Related Q (especially its link to inversion): What is the relationship between altitude gain and temperature decrease when mountaineering?
This question is concerning the commonly used rule of thumb that an increase in elevation of 1000 feet will, on average, decrease the temperature by 3.3 to 5 degrees F (3.3 for moist air, 5 for dry). Some sources differ slightly in the exact numbers, but 3.3 and 5 are what I have seen most often.
I have read that local conditions on a mountain can trump this rule of thumb. Trying to understand this better, I found some examples of temperature increasing going up. I am wondering if this is a common occurrence or a rare one.

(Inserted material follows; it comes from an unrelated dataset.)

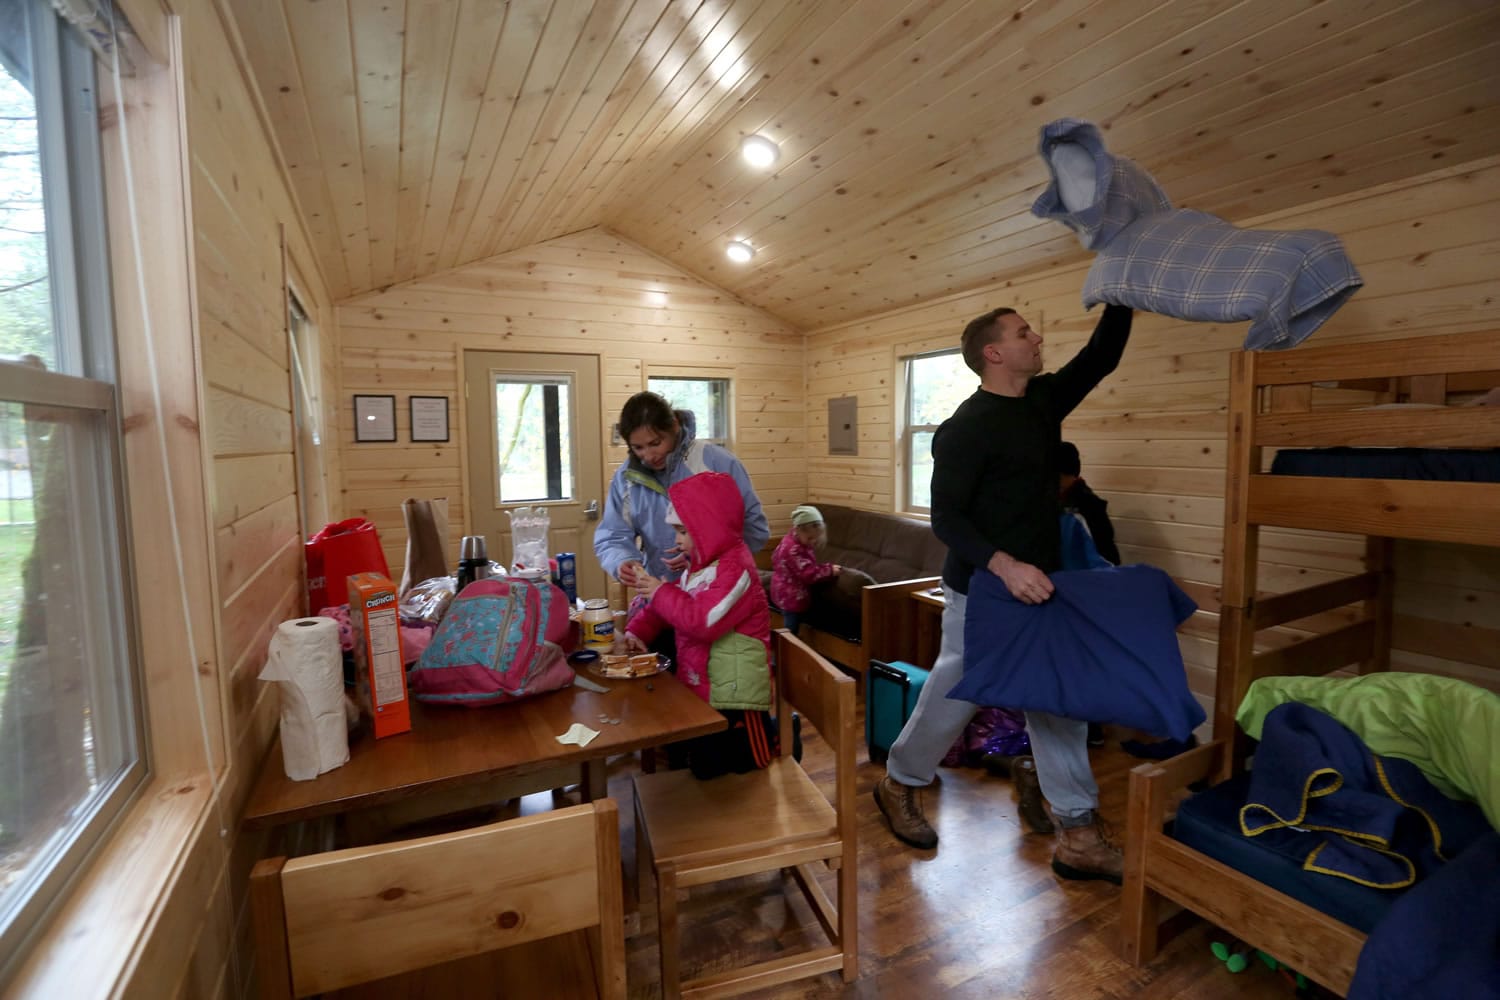 The Thompson family of Tacoma, mom Julianne, dad David and kids Simon, 8; Cecilia, 6; Emilia, 4; and Marilyn, 2, unpack in their cabin at Dash Point State Park in Federal Way in November. &quot;We just wanted to find a place close by and get away from the daily grind,&quot; Julianne Thompson said. (Ellen M.
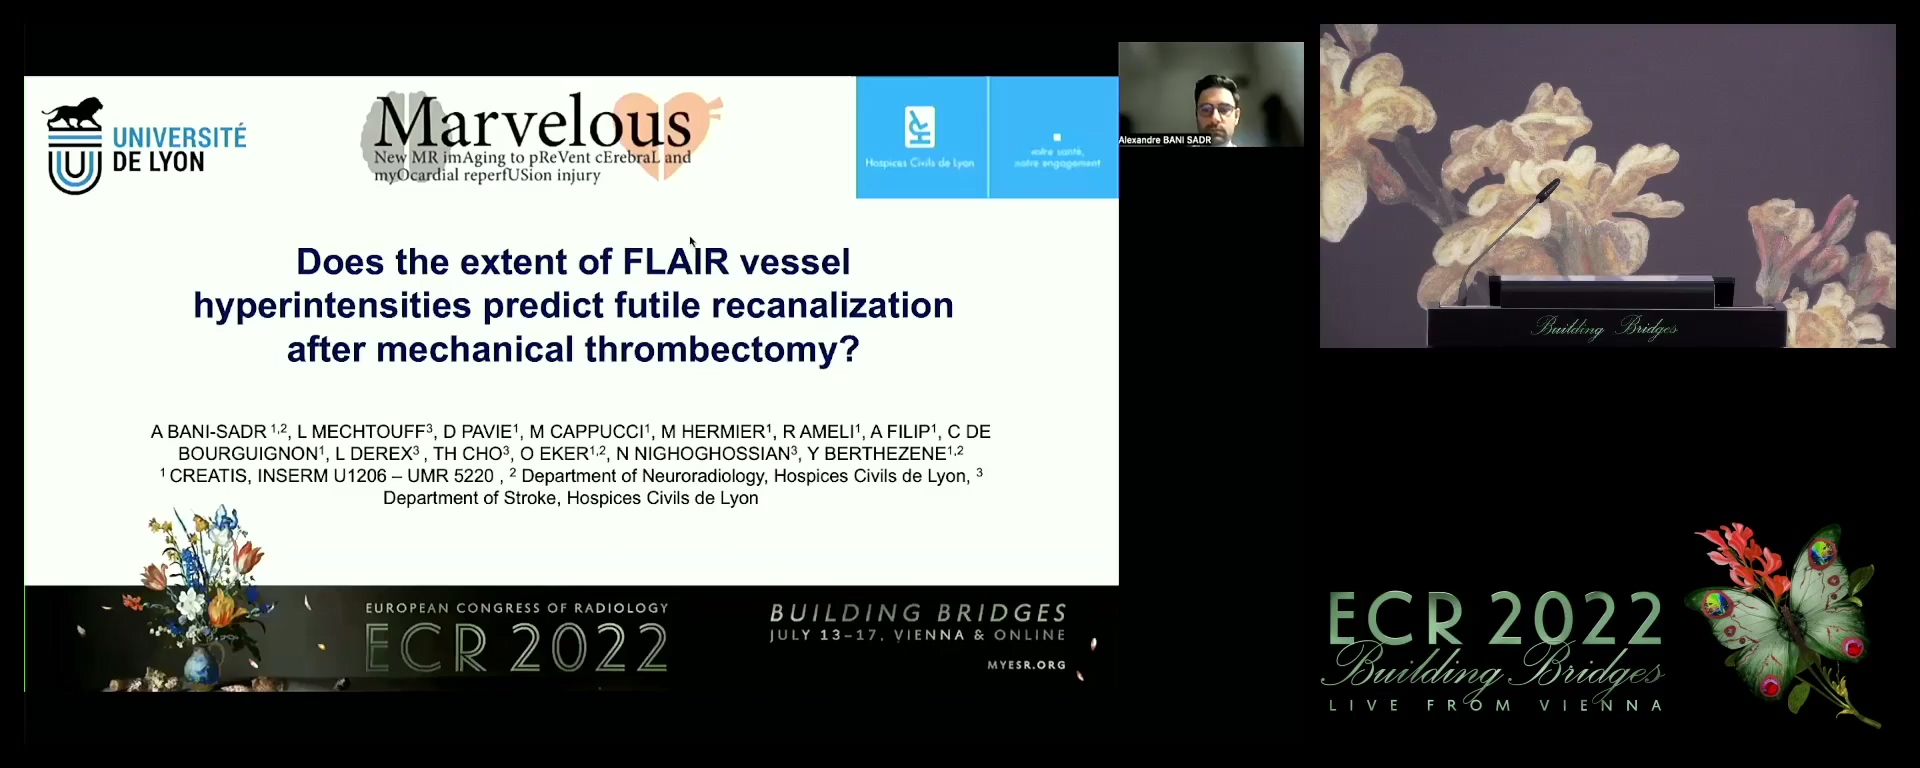 Does the extent of FLAIR vessel hyperintensities predict futile recanalisation after mechanical thrombectomy?

How closely can we trust this rule of thumb? Said another way: How often does reality deviate sufficiently from this rule of thumb to reduce its usefulness?
My specific example
I camped on Cascade Mountain in the Adirondacks at about 1500 to 2000 feet (460 to 610 meters) higher elevation than nearby Lake Placid. The temperature at Lake Placid was 37 F (3 C). One of the forest preserve stewards told me the next morning that she expected the temperature on the mountain to be below freezing.
This is not a huge elevation difference and perhaps not a great sample, but I am hoping to use it to help understand the conditions I was in and better prepare for future.
The mountain was wet below the tree line, so I would go with the lower change estimate.
Temp difference: 3.3 x 1.5 = 4.95 = approximately 5 F and 3.3 * 2 = 6.6 F, so...
Estimated temp: 37 - 5 = 32 F to 37 - 6.6 = 30.4 F
Estimate: 30 to 32 degrees F at my elevation. 27 to 29 F (about -1 to -3 C) if we use the 5 degrees per 1000 feet estimate.
Since it did not feel below freezing and I never noticed anything frozen or frosted, am I correct to assume that the rule of thumb was not accurate in our case and that it was not actually at or below freezing? I still am not sure how often the inaccuracies/inversions actually happen and am wondering if I can assume that it was the case in my situation.
In other words: what is the likelihood that the rule of thumb is not accurate? Is the likelihood high enough that we should always take the estimate with a grain (or more) of salt, or is the likelihood low enough that I should trust the estimate more than my gut based on how I feel?